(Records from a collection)
____

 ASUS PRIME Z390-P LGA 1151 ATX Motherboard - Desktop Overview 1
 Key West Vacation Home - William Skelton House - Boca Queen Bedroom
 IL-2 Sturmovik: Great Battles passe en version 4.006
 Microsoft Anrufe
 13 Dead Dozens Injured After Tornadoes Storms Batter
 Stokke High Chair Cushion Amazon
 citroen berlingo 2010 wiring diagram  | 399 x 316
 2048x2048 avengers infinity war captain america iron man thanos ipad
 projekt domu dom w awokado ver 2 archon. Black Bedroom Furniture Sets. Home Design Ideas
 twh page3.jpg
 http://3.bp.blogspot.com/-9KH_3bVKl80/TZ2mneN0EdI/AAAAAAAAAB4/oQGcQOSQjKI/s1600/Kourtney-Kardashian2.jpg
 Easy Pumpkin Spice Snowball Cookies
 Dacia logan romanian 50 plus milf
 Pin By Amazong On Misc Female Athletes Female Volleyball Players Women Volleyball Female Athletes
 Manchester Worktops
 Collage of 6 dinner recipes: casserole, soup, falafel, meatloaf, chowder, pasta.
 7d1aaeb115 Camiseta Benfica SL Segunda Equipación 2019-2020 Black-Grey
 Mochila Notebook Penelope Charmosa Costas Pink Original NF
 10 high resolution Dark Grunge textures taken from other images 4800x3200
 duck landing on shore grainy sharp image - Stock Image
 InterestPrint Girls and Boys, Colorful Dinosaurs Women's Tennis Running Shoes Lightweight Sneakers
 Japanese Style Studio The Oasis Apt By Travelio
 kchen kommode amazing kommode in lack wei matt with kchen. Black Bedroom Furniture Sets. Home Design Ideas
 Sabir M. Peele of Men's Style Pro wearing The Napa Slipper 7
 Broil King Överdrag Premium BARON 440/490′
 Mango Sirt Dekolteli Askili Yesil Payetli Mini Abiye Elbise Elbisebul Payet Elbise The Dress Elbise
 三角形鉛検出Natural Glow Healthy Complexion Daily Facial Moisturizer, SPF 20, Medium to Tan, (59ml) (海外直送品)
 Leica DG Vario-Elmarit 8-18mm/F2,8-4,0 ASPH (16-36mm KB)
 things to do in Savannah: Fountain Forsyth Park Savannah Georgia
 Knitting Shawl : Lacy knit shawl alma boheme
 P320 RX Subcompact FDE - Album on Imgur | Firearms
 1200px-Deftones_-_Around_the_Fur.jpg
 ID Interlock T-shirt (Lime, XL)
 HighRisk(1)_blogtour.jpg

____

Write out word for word only the lines from the start of the entries down to the line with "kchen kommode amazing", please, including both ends.

 ASUS PRIME Z390-P LGA 1151 ATX Motherboard - Desktop Overview 1
 Key West Vacation Home - William Skelton House - Boca Queen Bedroom
 IL-2 Sturmovik: Great Battles passe en version 4.006
 Microsoft Anrufe
 13 Dead Dozens Injured After Tornadoes Storms Batter
 Stokke High Chair Cushion Amazon
 citroen berlingo 2010 wiring diagram  | 399 x 316
 2048x2048 avengers infinity war captain america iron man thanos ipad
 projekt domu dom w awokado ver 2 archon. Black Bedroom Furniture Sets. Home Design Ideas
 twh page3.jpg
 http://3.bp.blogspot.com/-9KH_3bVKl80/TZ2mneN0EdI/AAAAAAAAAB4/oQGcQOSQjKI/s1600/Kourtney-Kardashian2.jpg
 Easy Pumpkin Spice Snowball Cookies
 Dacia logan romanian 50 plus milf
 Pin By Amazong On Misc Female Athletes Female Volleyball Players Women Volleyball Female Athletes
 Manchester Worktops
 Collage of 6 dinner recipes: casserole, soup, falafel, meatloaf, chowder, pasta.
 7d1aaeb115 Camiseta Benfica SL Segunda Equipación 2019-2020 Black-Grey
 Mochila Notebook Penelope Charmosa Costas Pink Original NF
 10 high resolution Dark Grunge textures taken from other images 4800x3200
 duck landing on shore grainy sharp image - Stock Image
 InterestPrint Girls and Boys, Colorful Dinosaurs Women's Tennis Running Shoes Lightweight Sneakers
 Japanese Style Studio The Oasis Apt By Travelio
 kchen kommode amazing kommode in lack wei matt with kchen. Black Bedroom Furniture Sets. Home Design Ideas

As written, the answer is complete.